Okay, interesting. Let’s say the following then: The scratchpad consists of two sections: one holds the source code for the function $F$ and the other holds some long string of binary data, $D$ . And then the statement is that $F$ maps from microstates of the universe to some corresponding value of $D$ .

I think this gets around the issue of flexibility, while still hopefully preserving the basic idea of having some legible mapping between states of the universe and the data in the scratchpad.

lsusr

Is $F$ ’s source code human-readable?

DaemonicSigil

We might as well specify that it is, no?

lsusr

I guess what actually matters is that $F$ is human-writable. Anyway…go on. :)

DaemonicSigil

Okay, so that’s the world model handled.
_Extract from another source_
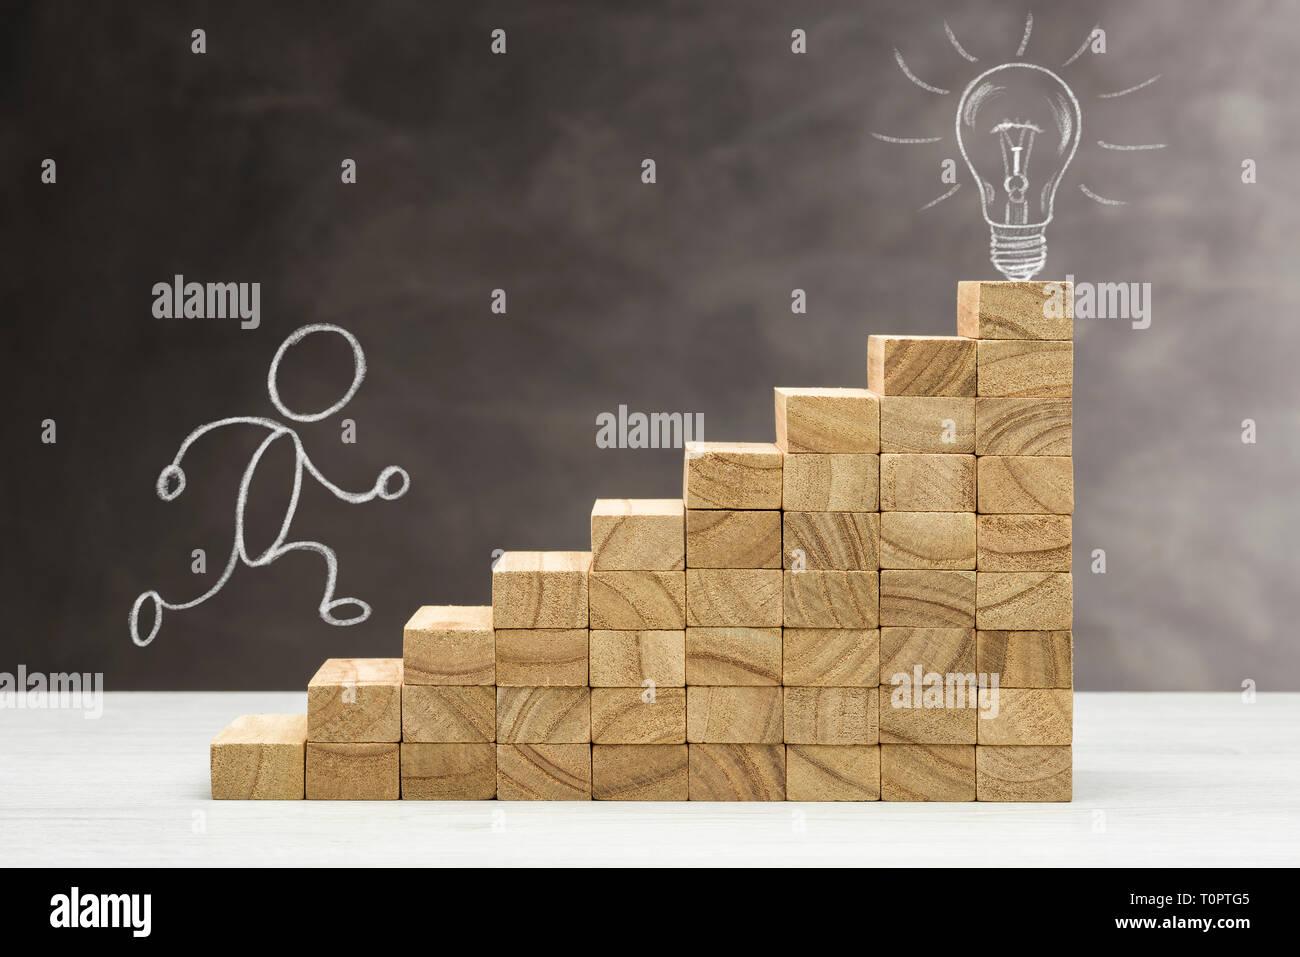 Konzept der Idee und Innovation, Glühbirne leuchtet oben auf einer Treppe, mit der menschlichen Form. Stockfoto

The robot should also presumably have some values that it pursues. Let’s say we have some learned function $U$ that assigns utilities to states of the universe. (We’ll limit the possible functions $F$ that we can use above to just those functions that preserve enough information that $U$ can be inferred from $D$ .)

So anyway, we have this function $U$ and then we’d like to search across actions $a$ and functions $F$ . The query to the world model is: suppose we’ve taken the action $a$ , what is the expected value of $U$ ?
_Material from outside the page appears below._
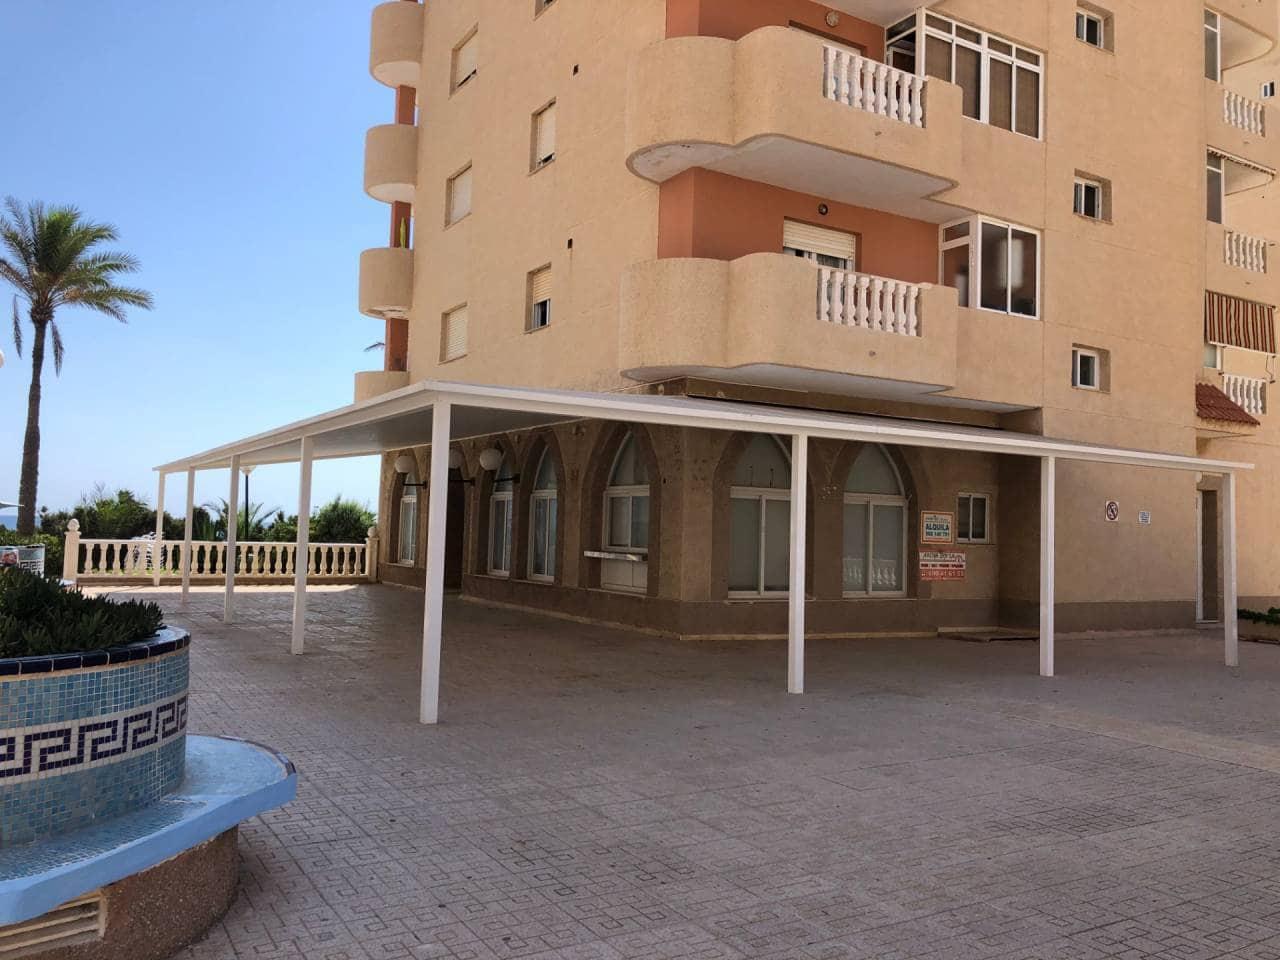 Ristorante/Bar in vendita in La Manga del Mar Menor con garage - 310.000 € (Rif: 5659235)

We can try different functions $F$ (which determines the precision of the world model’s predictions, some functions $F$ will show programming as a potentially valuable strategy, and others won’t, depending on whether or not $F$ keeps track of electrons or not.) The agent picks the action with the highest expected utility across all choices of $F$ .

(There’s an issue of how the agent is to predict its own future actions. One simplifying assumption that I sometimes like to make in this kind of very abstract “let’s think of an agent design” discussion is to suppose that the agent only needs to make a single (possibly very complex) decision in the entire history of the universe. The rationale is that the agent can decide in advance “if A happens, then I’m going to do X”, and “if B happens then I’m going to do Y”. So if we pack all those future potential observations and actions into single decision made right at the start. This works so long as we’re very unconstrained in terms of compute (i.e. we have exponential amounts of compute).)

lsusr

It sounds like $D$ is a quine.

DaemonicSigil

That depends on which choice of $F$ we’re working with. If it ignores the exact positions of electrons (or even just the positions of the electrons inside the robot), then it’s not a quine. If $F$ does map information about the inner workings of the bot into $D$ then there would be at least some self reference. In an extreme case where $F$ ’s output is just the contents of the $D$ data store, then that’s quite a lot like a quine. Except that the contents of $D$ change over time as the robot considers different actions and uses different functions $F$ to try and analyze the world. The contents of $D$ after the robot has already decided on an action are almost uninteresting, it’s just whatever possibility the robot last searched.

lsusr

I guess it’s not a perfect quine. The important thing is that $D$ sometimes (especially for smart, powerful robots) must reference itself, without contradiction. There exist some functions $F$ such that this self-reference imposes a constraint on $D$ .

DaemonicSigil

Okay, so if $F$ takes the whole world-history (and predicted future) as input, then we can consider some particular recursive $F_{r}$ that looks in particular at the robot’s thoughts at the time when it was analyzing the universe using $F_{r}$ , and then it just dumps the data in finds in $D$ to output. (We can also consider the paradoxical $F_{r}^{'}$ , which inverts all the bits before dumping them. Which I guess means that the world model can’t be powerful enough to model itself too well.)

lsusr

Correct. When a world model becomes too powerful, it cannot model itself. If a powerful world model cannot model itself, then it cannot model the world. If a powerful world model cannot model the world…then the orthogonality thesis shatters under its own weight.